Would you please copy exactly the line with "Kirschenholz poliert" and all lines that follow it in the data below, through the last one?

###

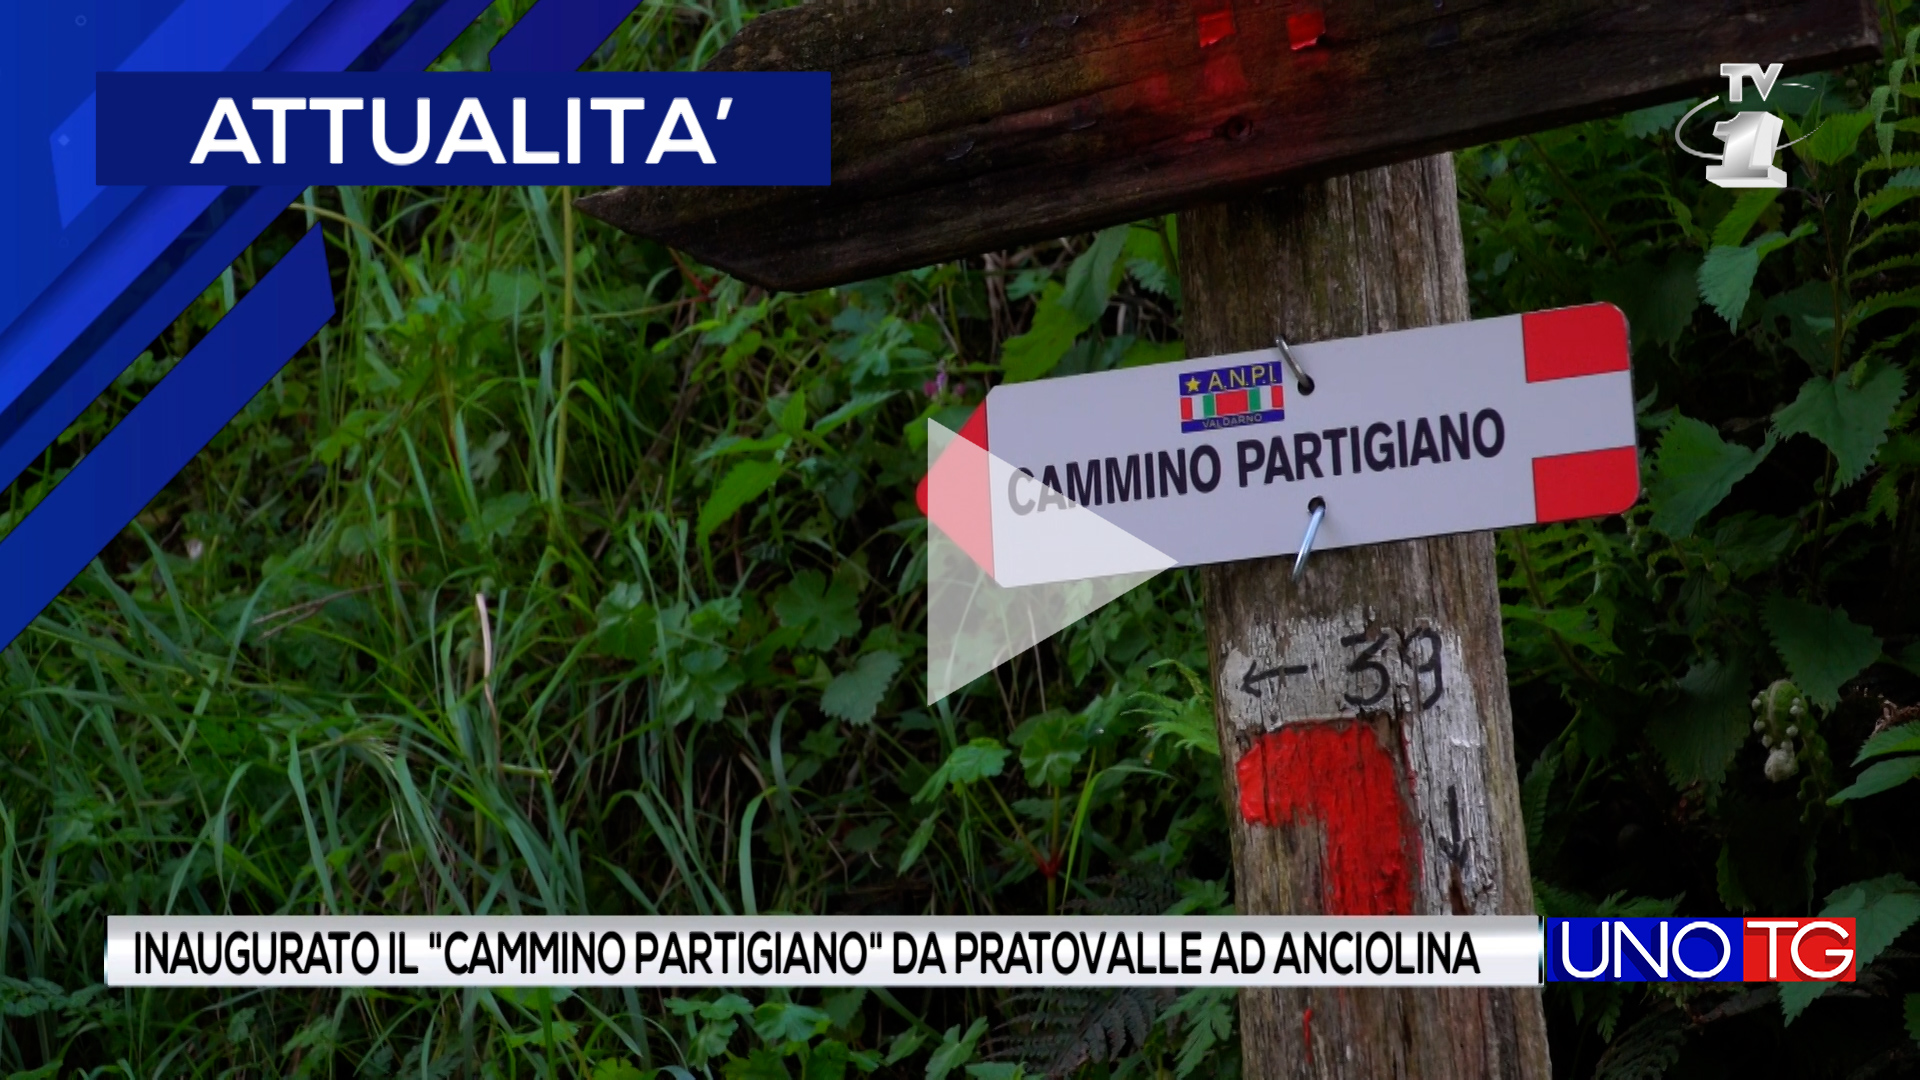 Inaugurato il "Cammino Partigiano" da Pratovalle ad Anciolina
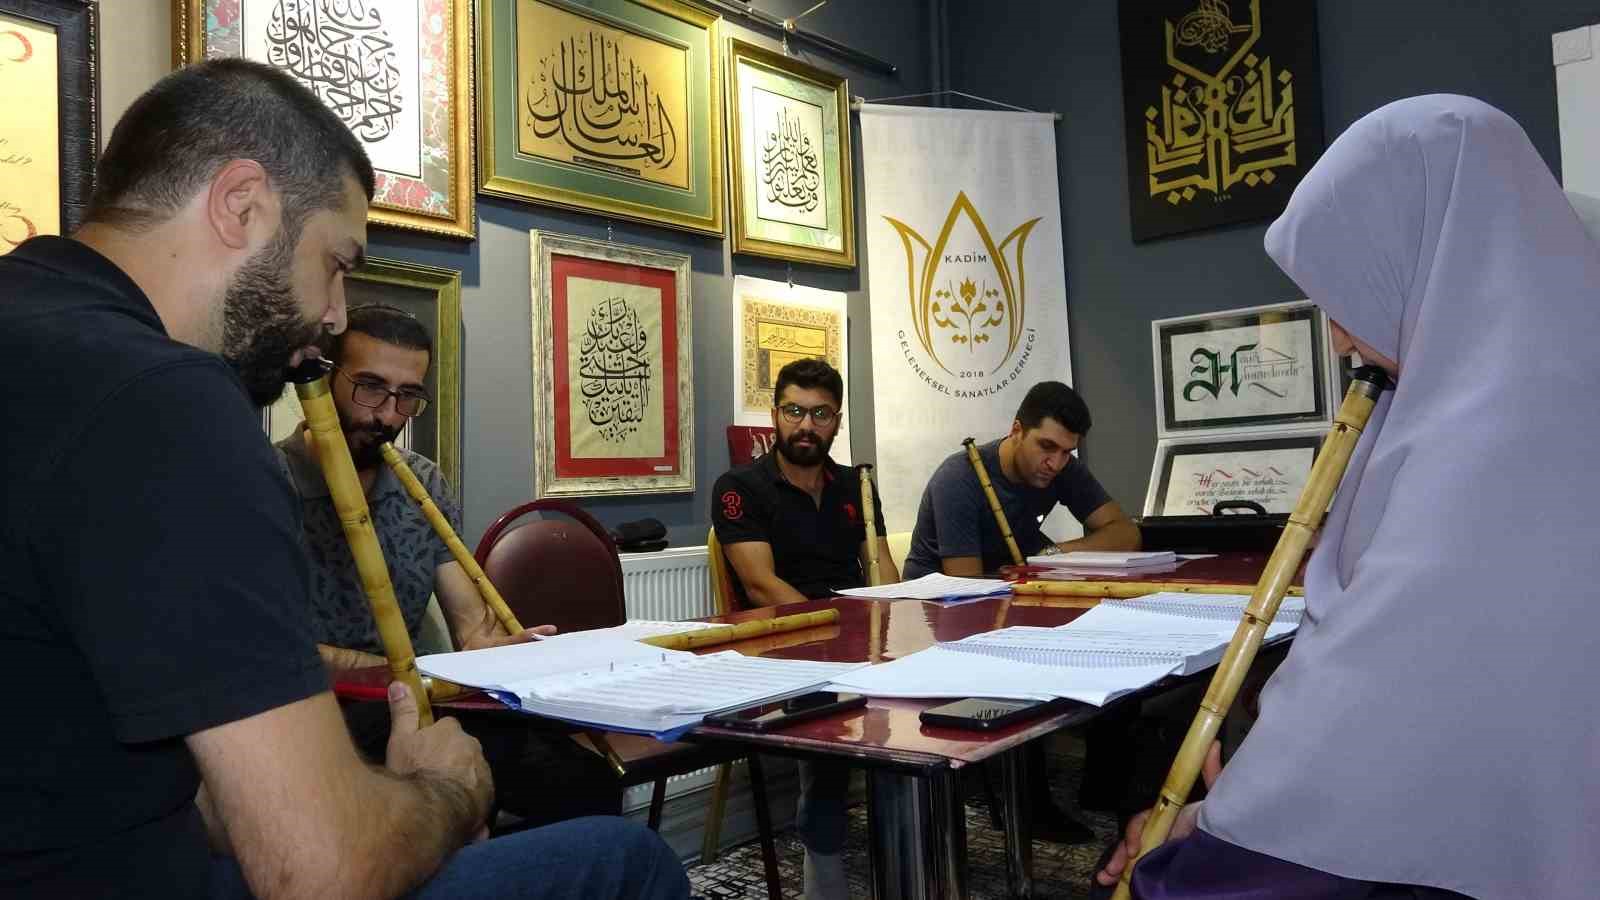 Van’da geleneksel Türk İslam sanatlarına yoğun ilgi
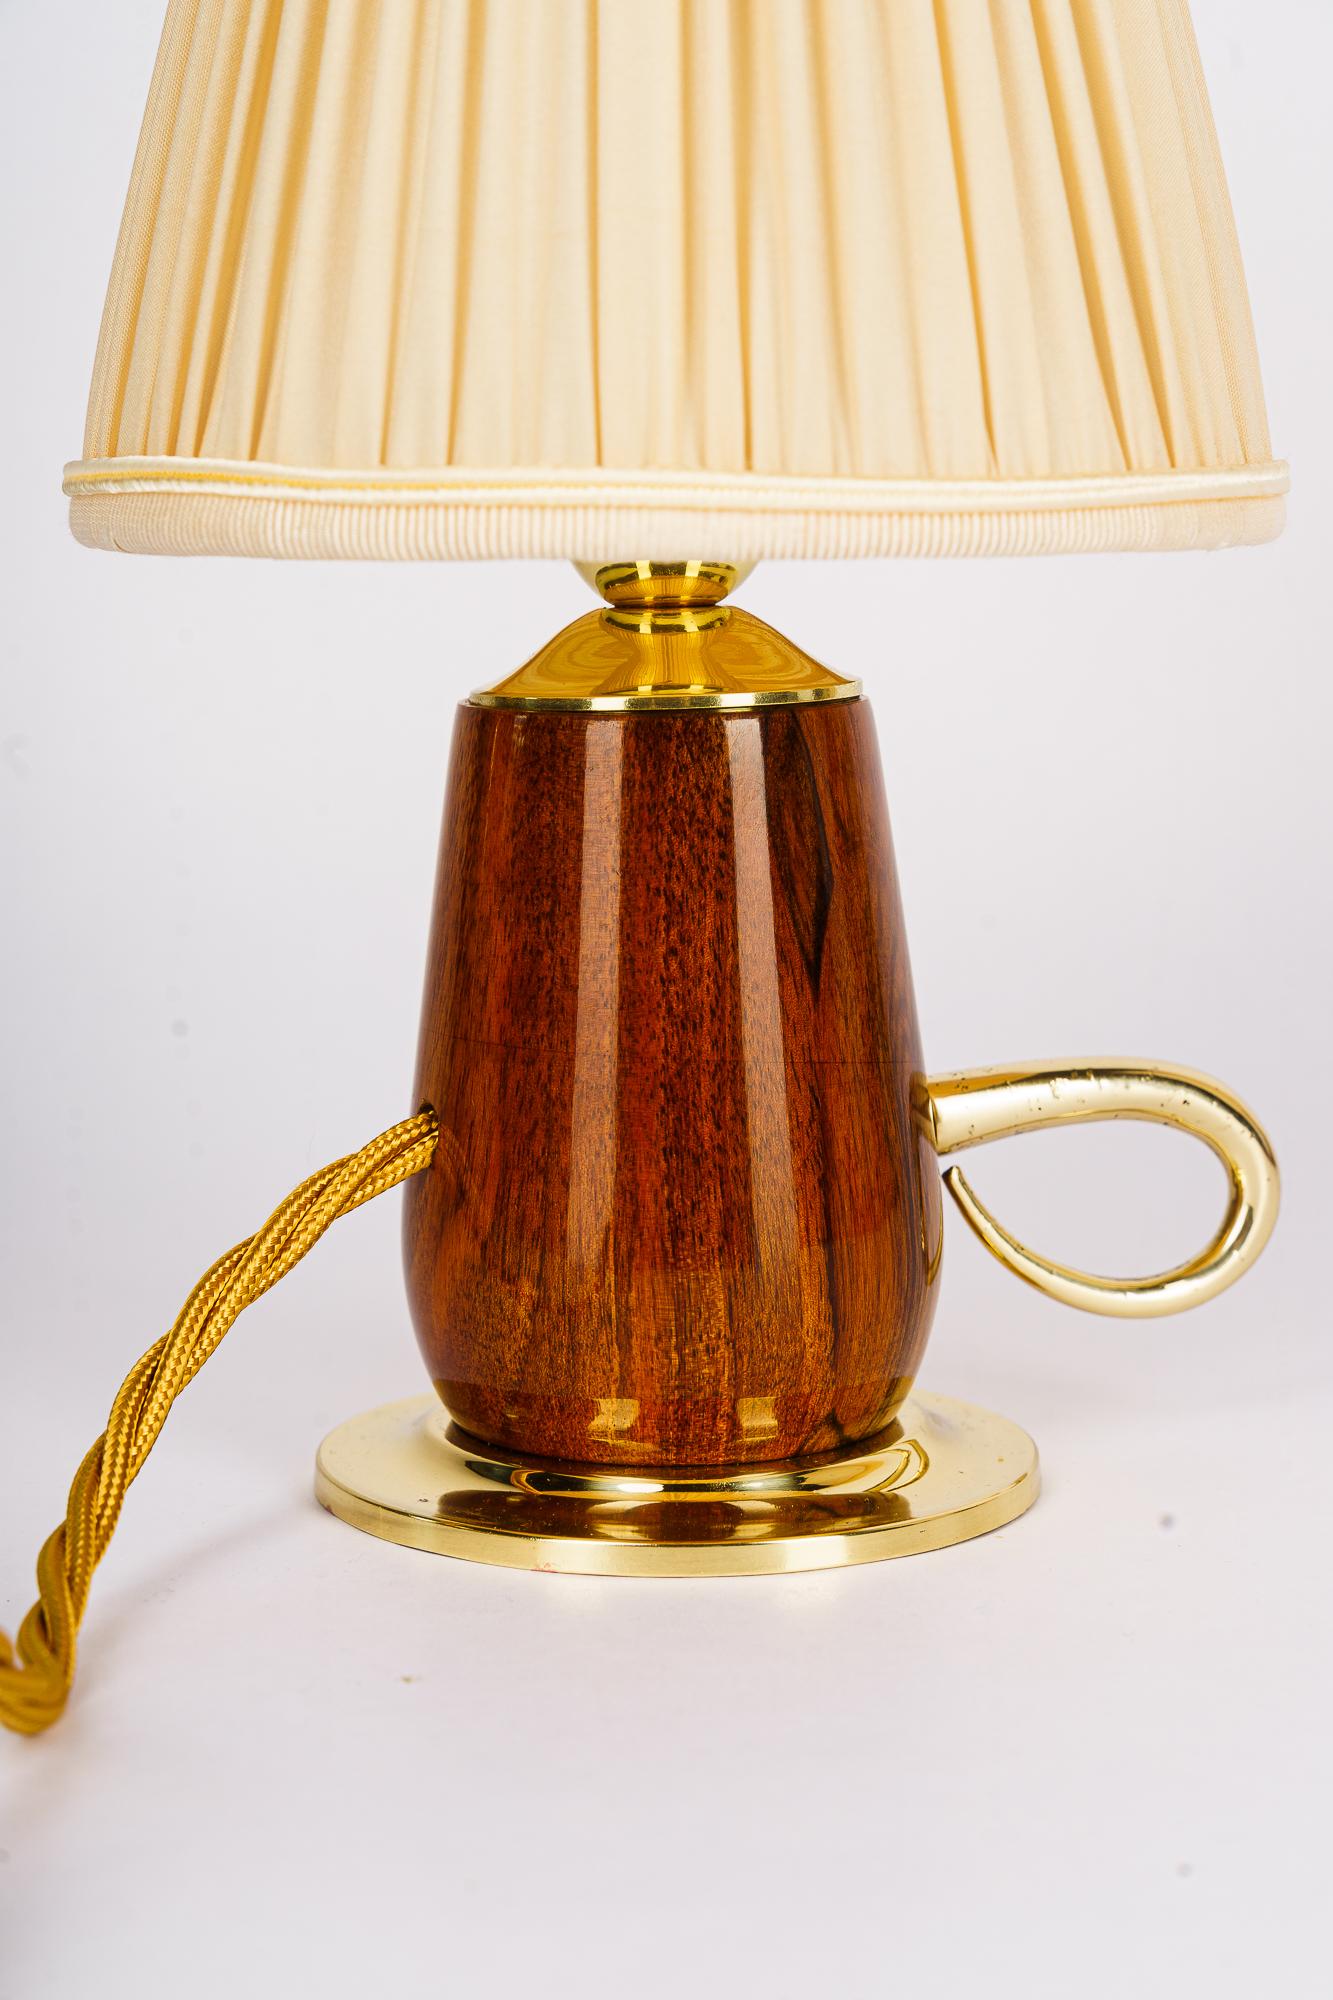 Rupert nikoll tischlampe kirschbaum mit stoffschirm wien um 1950er
Kirschenholz poliert
Messingteile poliert und einbrennlackiert
Der Stoffschirm wird ersetzt ( neu )

###

**COMPLETED TASK**
Kirschenholz poliert
Messingteile poliert und einbrennlackiert
Der Stoffschirm wird ersetzt ( neu )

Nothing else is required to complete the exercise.